A rota aérea Belém-Brasília vai estar movimentada esta semana. Da capital federal, partem funcionários das diretorias de Florestas do Ministério do Meio Ambiente (MMA) comandados pessoalmente pelos seus respectivos chefes, Antonio Carlos Hummel e Tasso Azevedo. Seu destino final será Santarém, onde irão ajudar a gerência regional do Ibama a definir o futuro de mais de três centenas de planos de manejo florestal no Oeste do Pará que foram suspensos, a maioria por problemas fundiários, entre agosto de 2003 e janeiro deste ano. As perspectivas não são muito alvissareiras. Azevedo estima que no máximo 30% deles poderão voltar a funcionar. Hummel chega já na segunda-feira a Santarém. Azevedo aparece por lá na terça.
De Belém, em direção à Brasília, viaja também na segunda-feira o procurador federal Ubiratan Gazeta. Vai colher as assinaturas de representantes do MMA, Ibama, Incra e da 4ª Câmara do Ministério Público Federal – sob cuja jurisdição recaem as questões ambientais – no Termo de Ajuste de Conduta (TAC) que estabelece as regras às quais os planos de manejo suspensos terão que se adequar para retomar, o mais breve possível, suas operações. A corrida para colocar tanto jamegão da burocracia federal no documento tem uma explicação. Nesses tempos de operação Curupira na Amazônia e CPIs em Brasília, ninguém envolvido no processo quer deixar a retaguarda legal desprotegida.

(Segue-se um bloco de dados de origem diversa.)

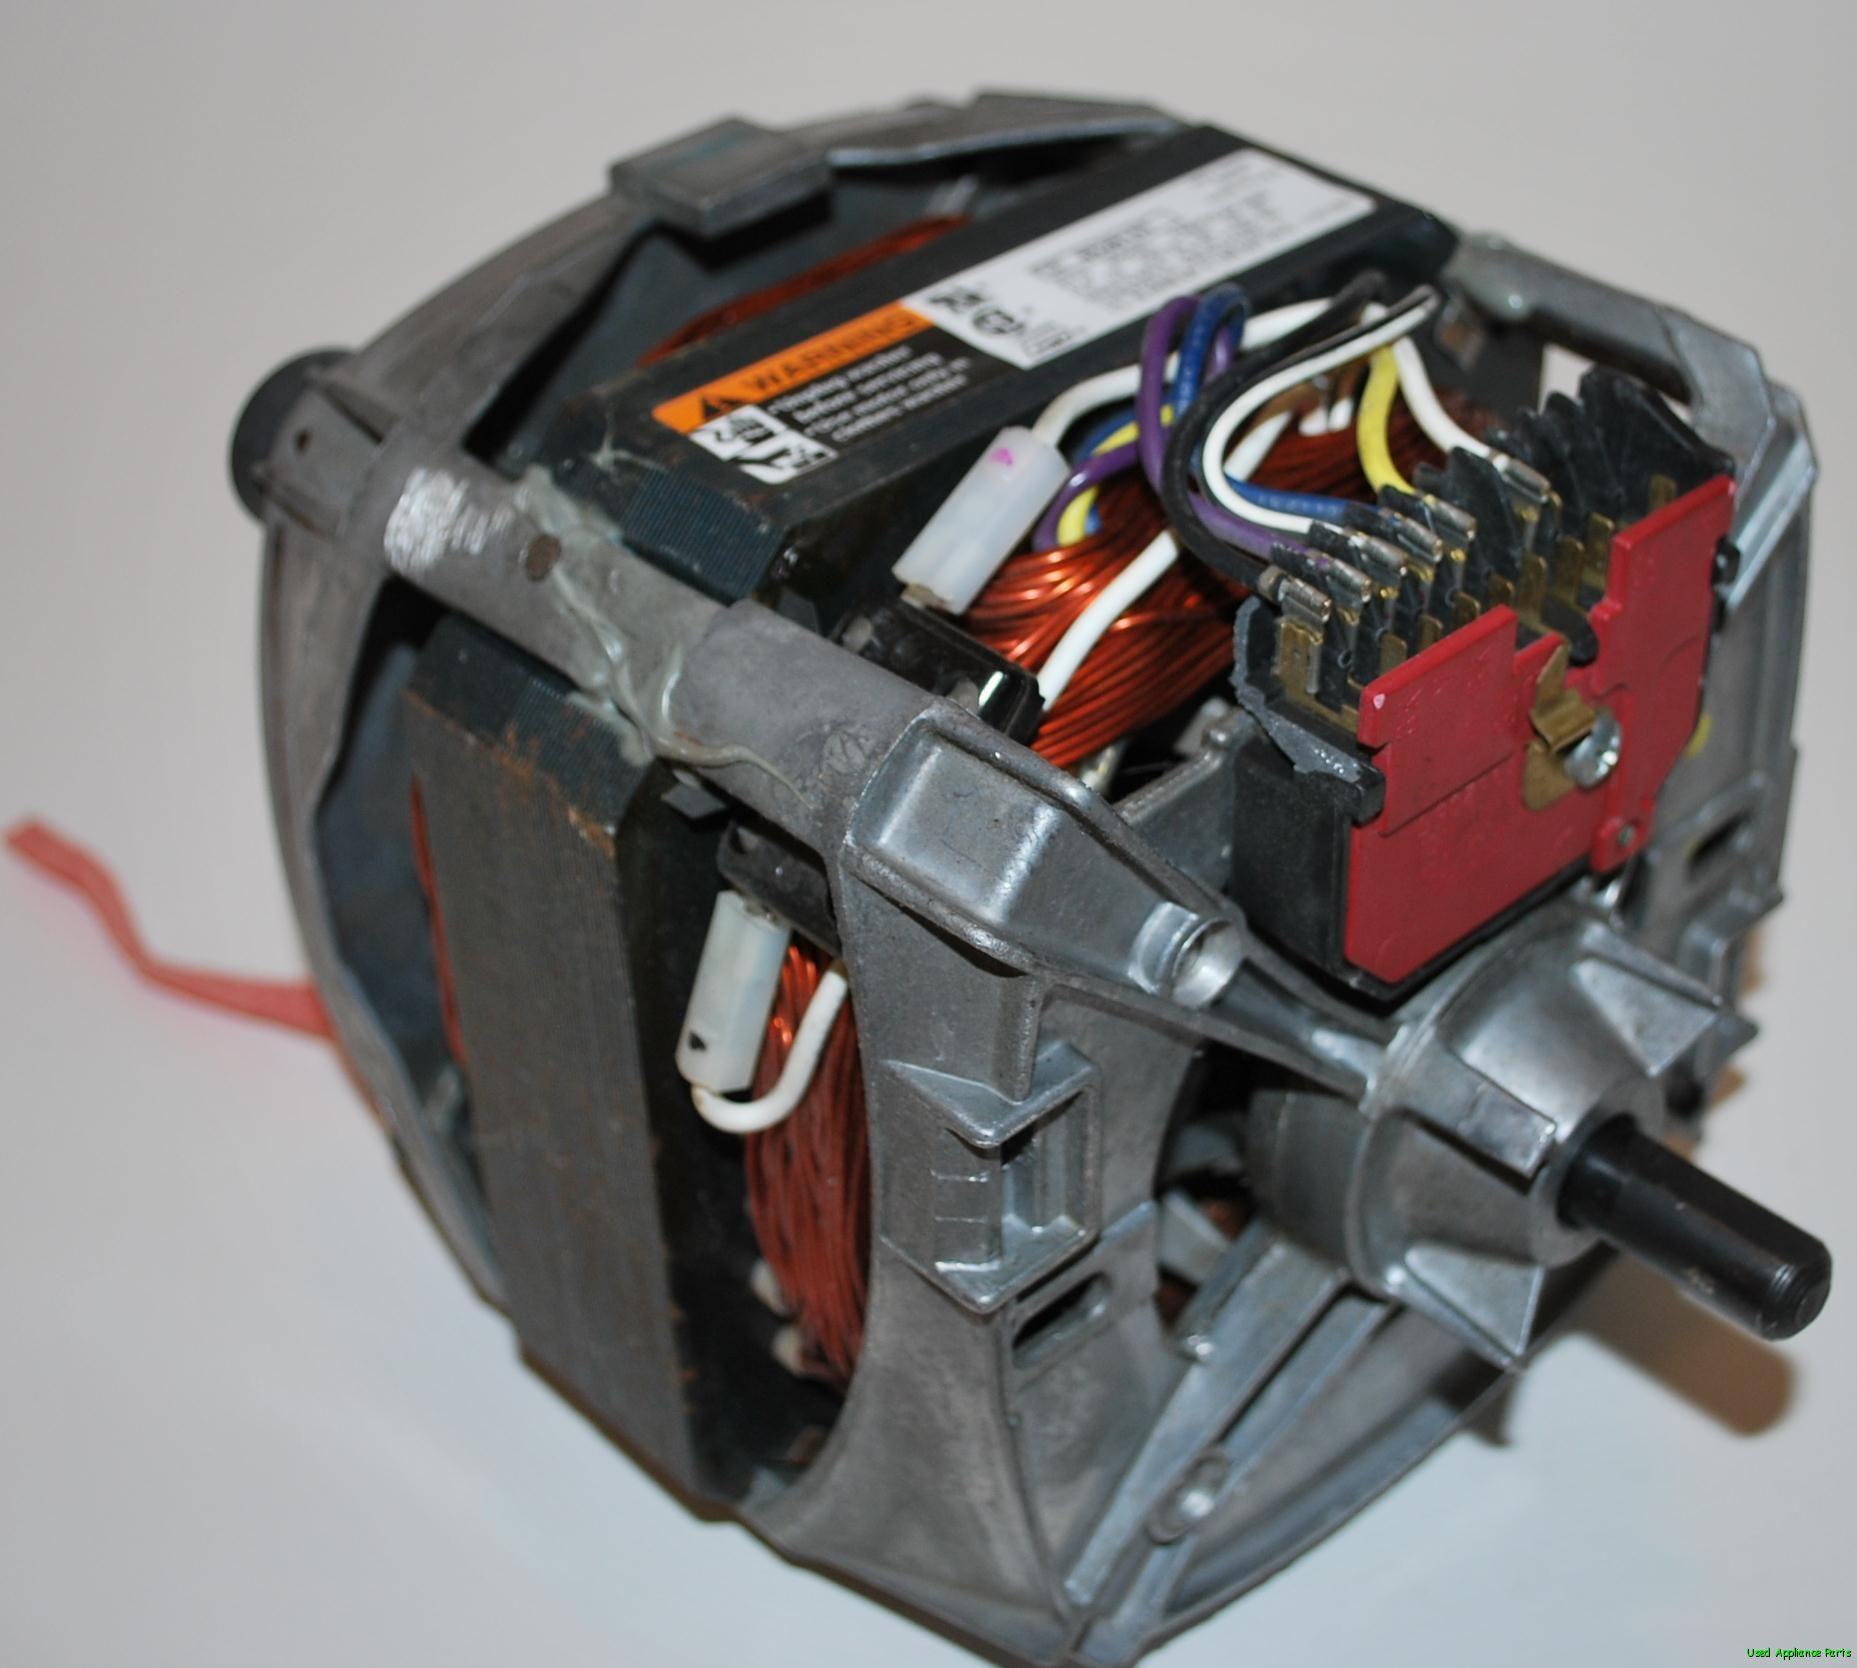 Motor de lavadora hace ruido pero no trabaja yoreparo for Whirlpool washer drive motor

“Os procuradores não querem que os órgãos federais, no futuro, lavem as mãos em relação à liberação desses planos e ao TAC”, diz um madeireiro que participou de reunião, na terça-feira passada, na sede do Ministério Público Federal em Belém. “O aval da 4ª Câmara é importante porque compromete o corpo dos procuradores com o que está sendo acordado”, explica Azevedo. Além desse TAC que tanto preocupa os funcionários federais, os madeireiros que quiserem colocar seus manejos florestais para funcionar novamente serão obrigados a assinar, individualmente, um segundo documento com o Incra.

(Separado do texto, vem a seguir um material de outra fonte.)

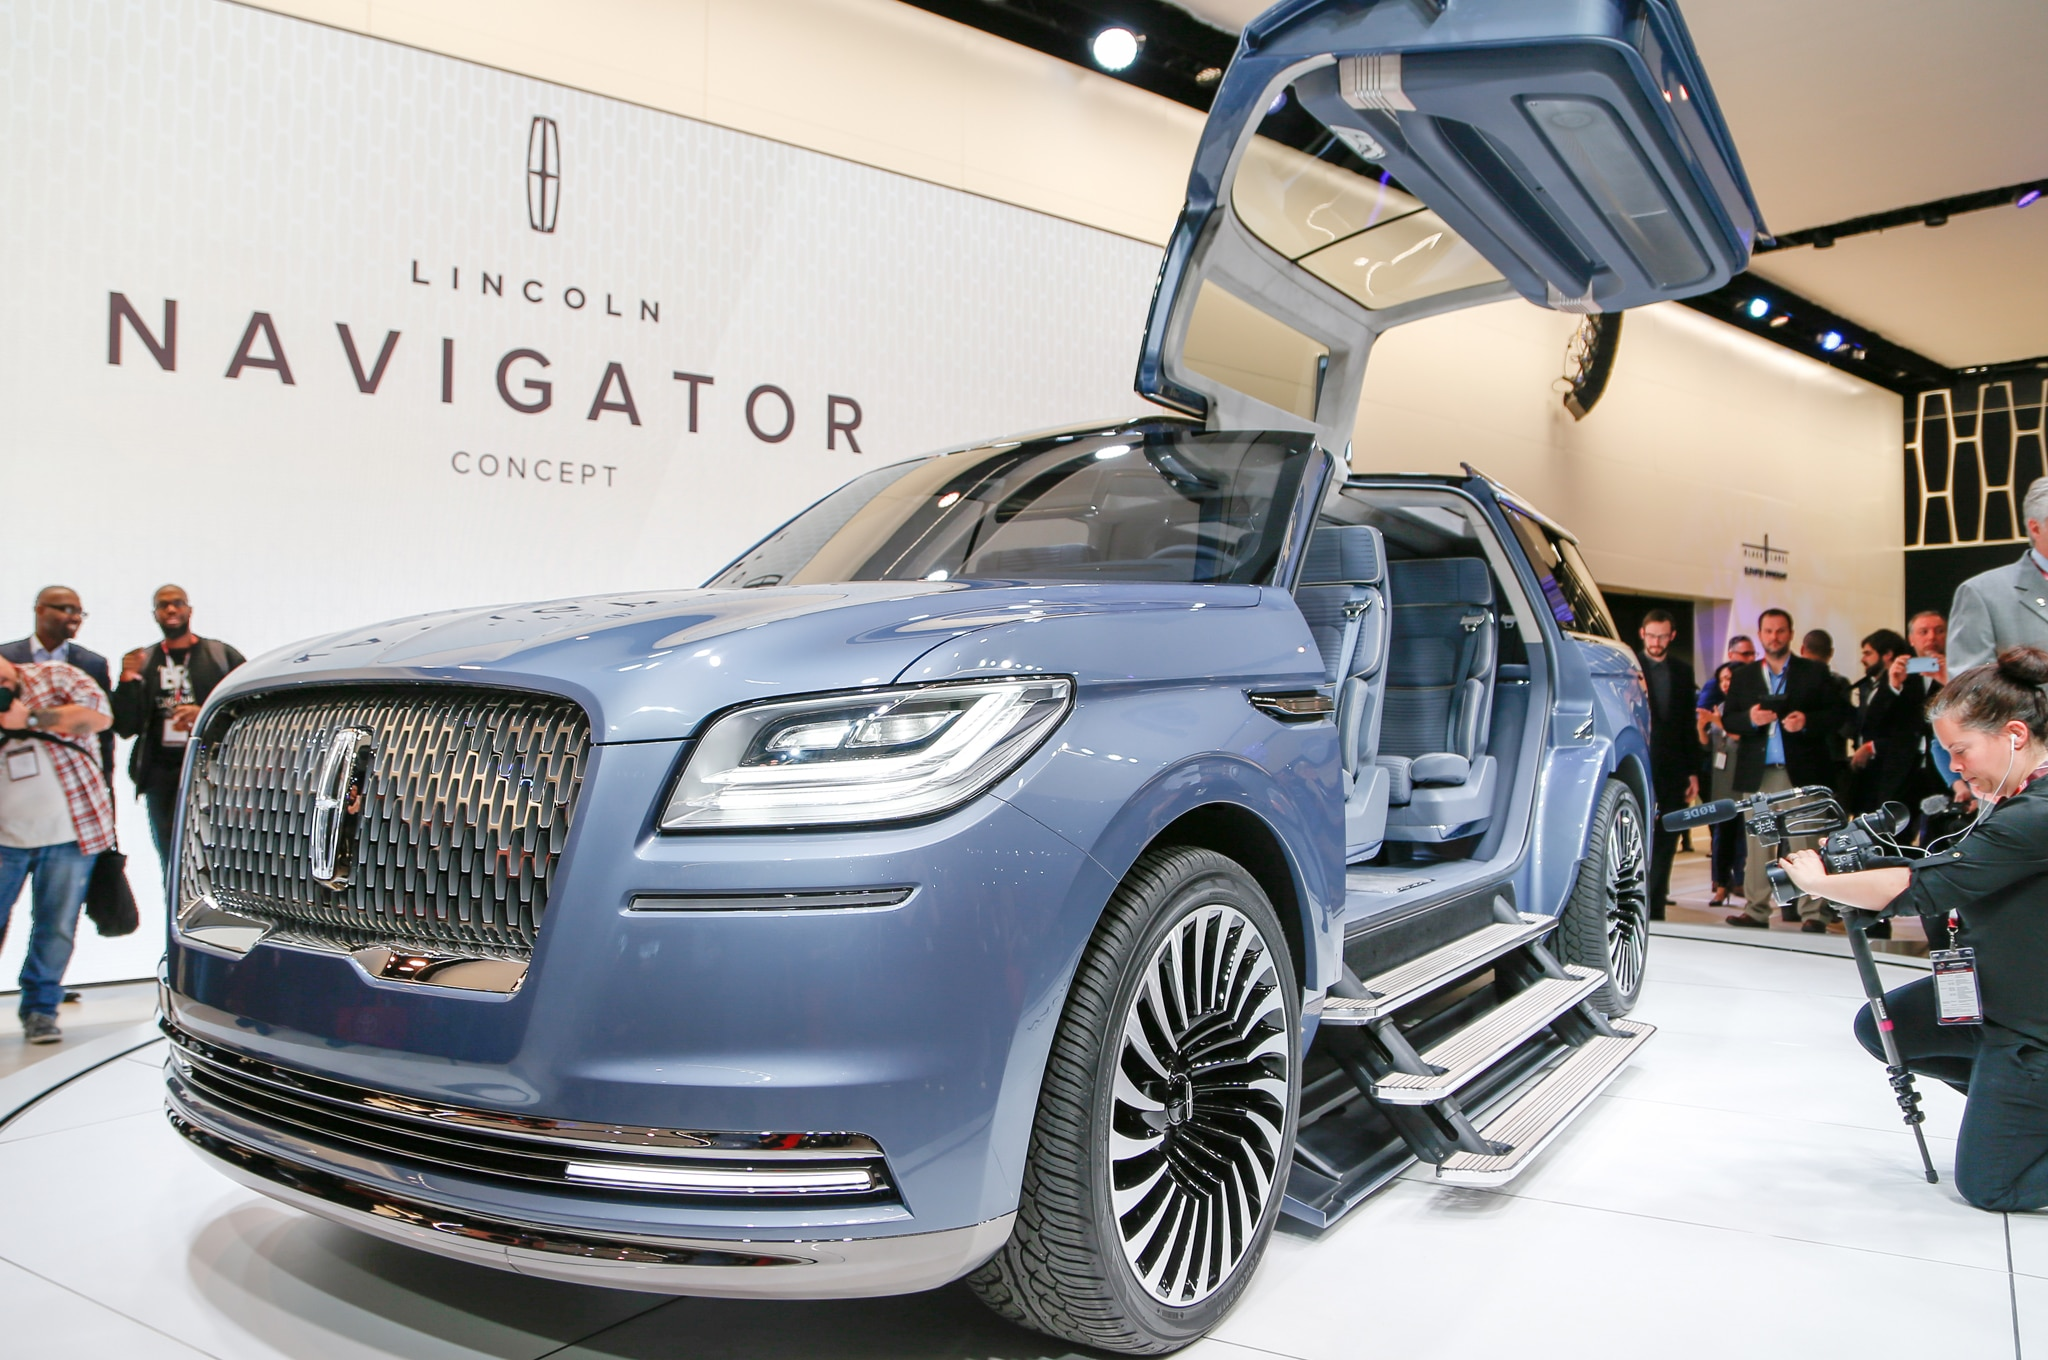 Lincoln Navigator Concept Debuts At 2016 New York Auto Show

Em linhas gerais, esse papel dita que em troca da autorização para voltar a cortar árvores, o madeireiro se compromete a não reclamar a posse da terra onde trabalha ao fim do seu período de manejo, que terá prazo de no máximo 2 anos. Não se tem idéia de quantas empresas terão coragem de colocar sua assinatura nesse documento. “Tem gente que está nesses locais há 20, 30 anos”, diz Justiniano Neto, diretor da Associação da Indústria Madeireira de Exportação do Pará (Aimex). “Essa vai ser uma escolha individual”, diz Azevedo.

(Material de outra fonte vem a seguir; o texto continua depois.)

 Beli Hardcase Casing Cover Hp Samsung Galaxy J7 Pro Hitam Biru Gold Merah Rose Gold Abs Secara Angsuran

Tanta movimentação oficial em tão curto espaço de tempo tem uma justificativa. A indústria da madeira no Pará, que no ano passado exportou 1 bilhão de dólares, enfrenta crise sem precedentes. A gradual suspensão dos planos de manejo no Oeste do Pará, o arrocho que o governo impôs ao corte de floresta depois da morte da freira Dorothy Stang, em fevereiro, e a paralisia, provocada pelo medo de ser ver envolvido numa investigação sobre corrupção, que tomou conta dos funcionários federais, prejudicou os madeireiros ilegais. Mas fez também praticamente secar todas as fontes de madeira legalizada para alimentar as serrarias da região. Os ilegais trabalham, mas não têm acesso à documentos oficiais, cuja emissão foi praticamente toda suspensa, que “esquentem” a sua produção. Os legais simplesmente não conseguem obter a documentação que os permita trabalhar.
Na cidade de Castelo dos Sonhos, onde até o ano passado 39 serrarias garantiam emprego para muita gente, apenas 2 estão em operação este ano. Dentro do atual contexto, são consideradas uma espécie de milagre com prazo de validade. Se a situação não virar, breve deverão também fechar. Dificilmente, entretanto, toda essa movimentação oficial aos 45 minutos do 2º tempo – o período de corte na Amazônia deveria ter começado em junho – produzirá resultados bombásticos. Pelo menos no que diz respeito ao volume de corte de madeira legalizada para alimentar as serrarias do Pará.
Um reexame com régua e compasso dos planos de manejo suspensos a partir de agosto de 2003 feito por funcionários federais indica que poucos serão os que terão condições de se adequar as demandas que constam do Termo de Ajuste de Conduta (TAC) e do documento que os madeireiros teriam que assinar individualmente com o Incra. “No máximo 25, 30% deles se enquadram nas novas regras”, diz Azevedo. Alguns dos planos são manejo apenas no papel. A maioria tem problemas fundiários. Muitos encontram-se dentro de Unidades de Conservação, Terras Indígenas ou assentamentos do Incra. Neles, a legislação proíbe o corte de árvores.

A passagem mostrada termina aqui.